Learning The Native-Like Codons With A 5'UTR And Secondary RNA Structure Aided Species-Informed Transformer Model
A new Transformer-based deep learning model, TransCodon, has been developed to address the challenge of efficient protein expression in heterologous hosts. It tackles the difficulty of reconstructing native-like codon landscapes by integrating 5' untranslated regions (5'UTRs), coding sequences (CDS), explicit species identifiers, and RNA secondary structure information.
TransCodon learns nuanced codon usage patterns across diverse organisms by incorporating multisource genomic data and modeling sequence dependencies via a masked language modeling paradigm. This allows it to effectively capture both local and global determinants of codon preference.

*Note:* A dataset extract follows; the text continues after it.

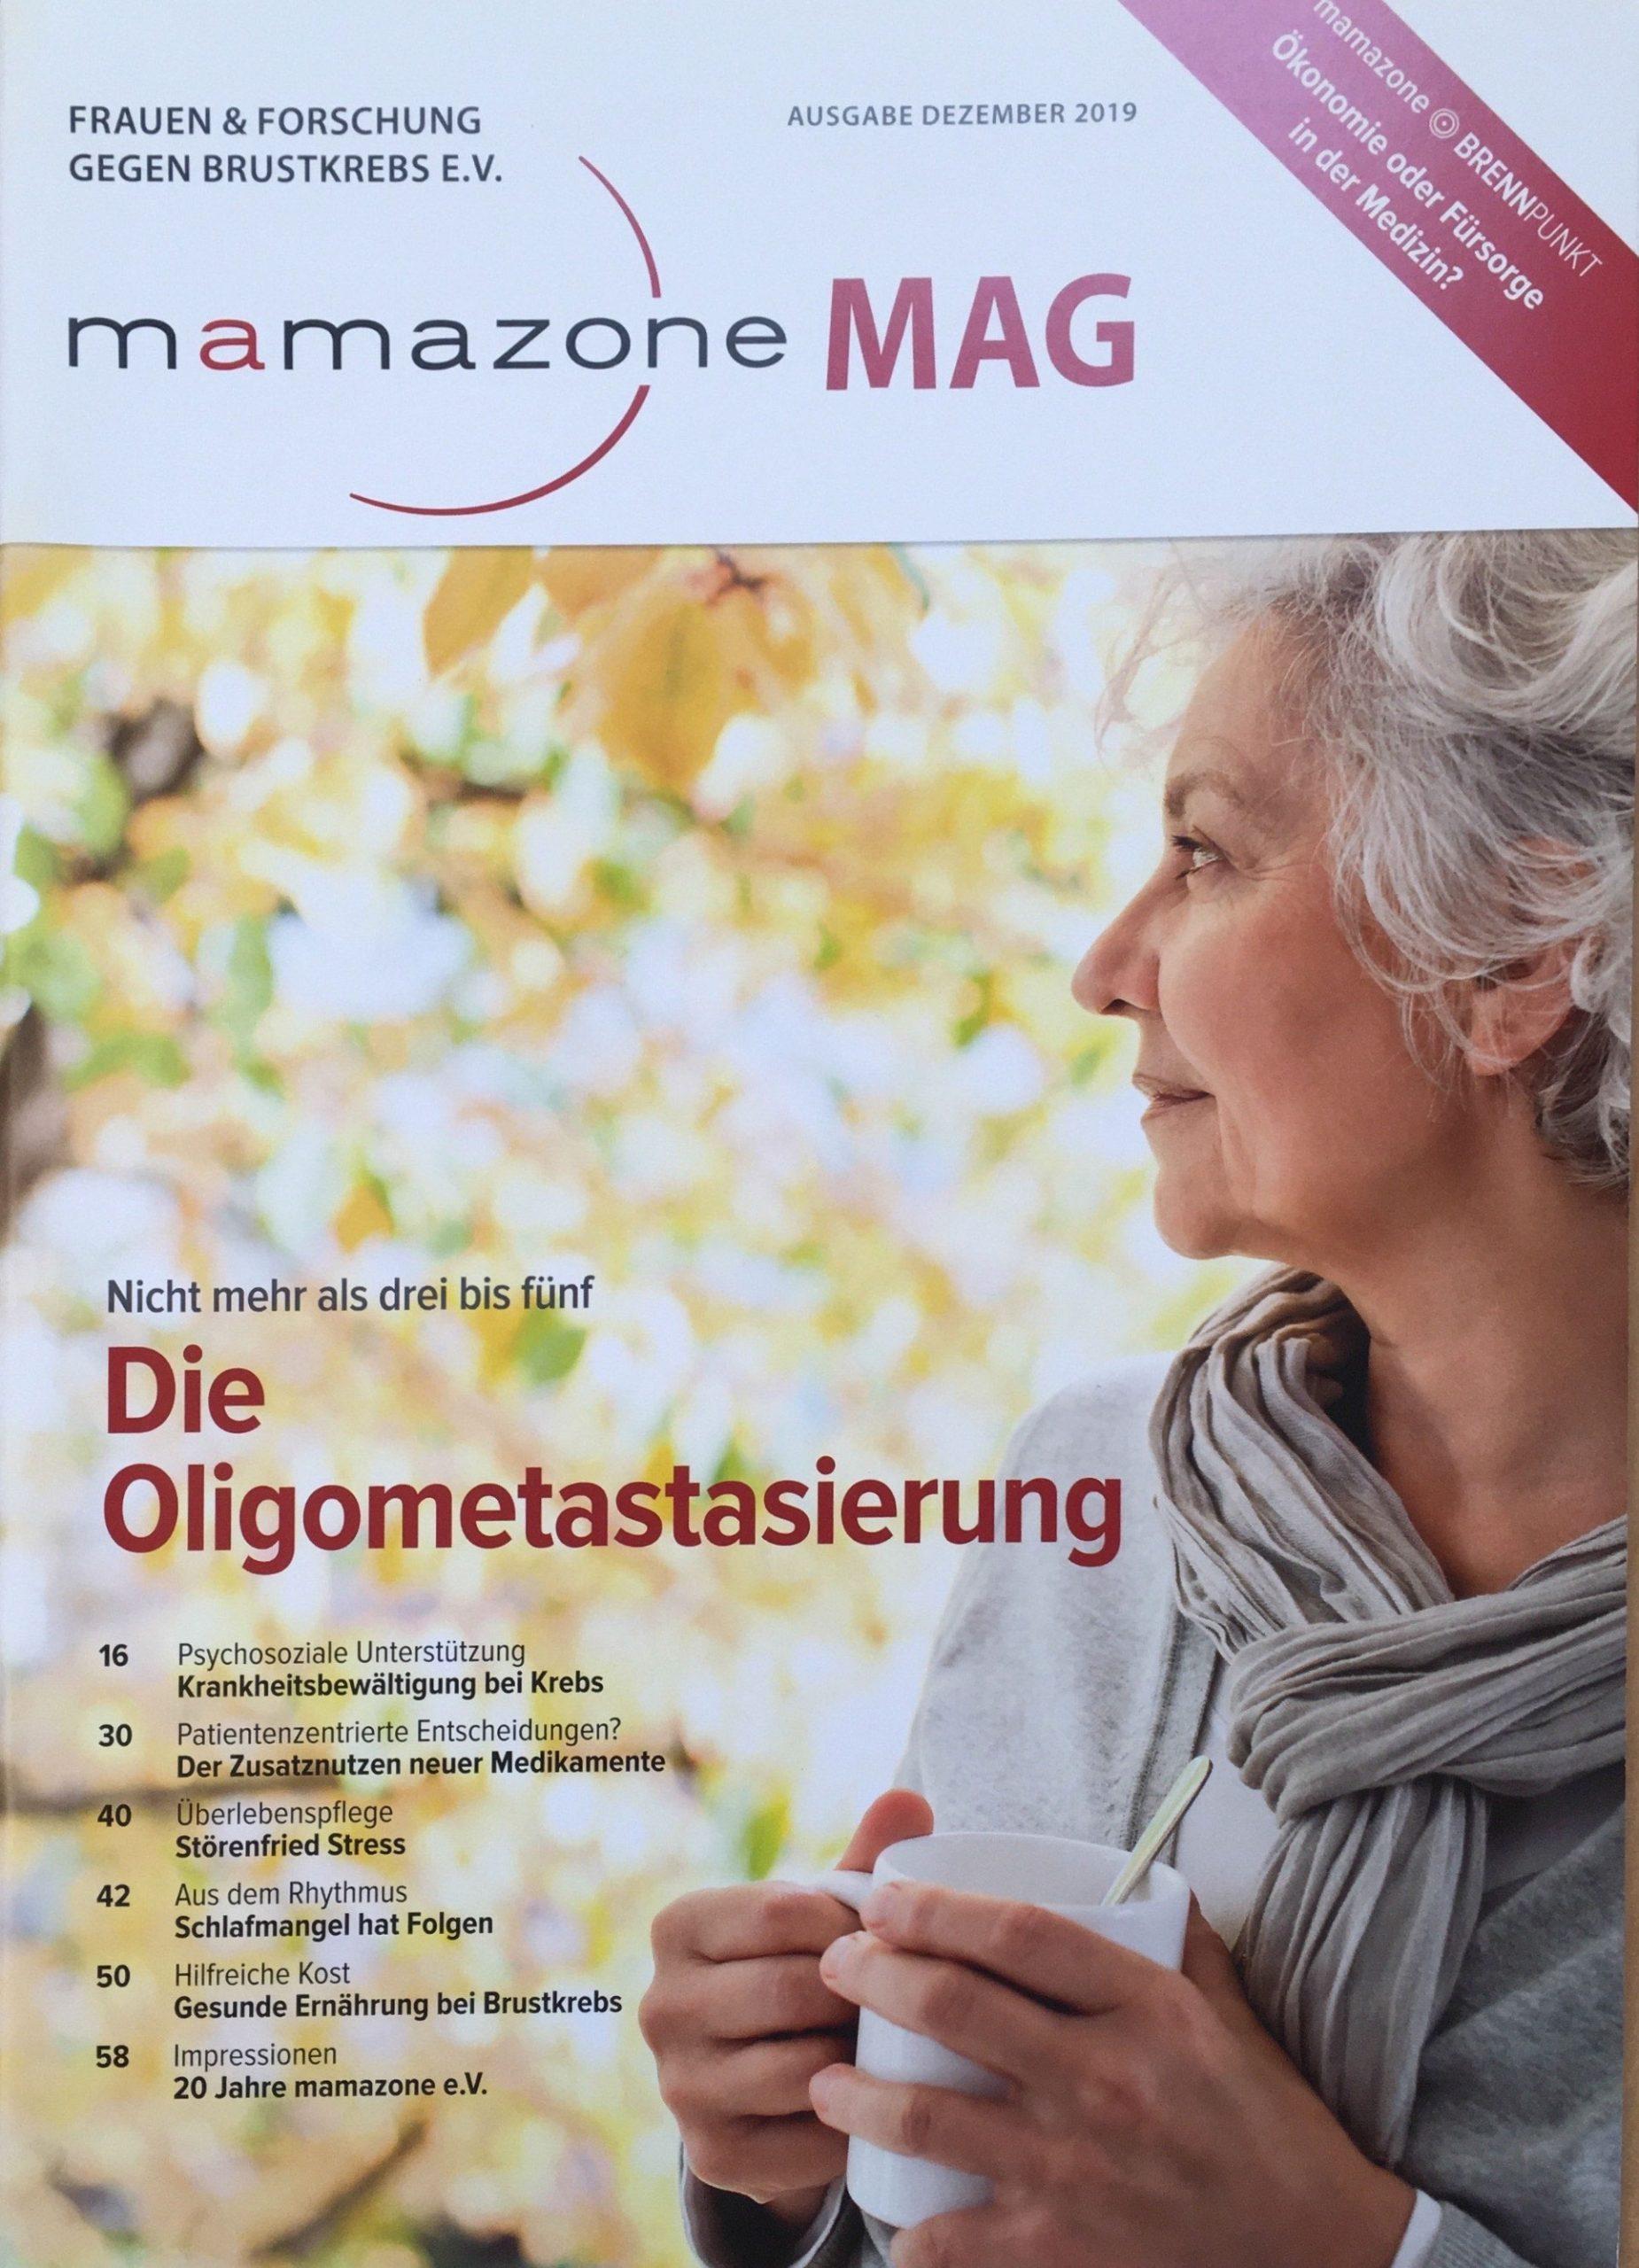 mamazone MAG Ausgabe Dezember 2019

A key innovation is TransCodon's use of a finer-grained vocabulary based solely on nucleotides, which enables partial decoding and preserves richer sequence-level information compared to previous approaches. The model was trained on a large dataset of 5.5 million gene sequences from 1,436 species, ensuring robust cross-species generalization.
Experimental results demonstrate that TransCodon consistently outperforms existing codon optimization tools across multiple evaluation metrics. It identifies native-like codons with less divergence from natural sequences and can capture low-frequency codons often missed by other deep learning methods, especially for highly abundant proteins.
Beyond codon optimization, TransCodon shows robust effectiveness in predicting protein abundance, achieving high correlation with experimentally determined values in zero-shot scenarios. It also excels in 5' UTR-related downstream tasks, such as predicting Mean Ribosome Load (MRL), surpassing other state-of-the-art models.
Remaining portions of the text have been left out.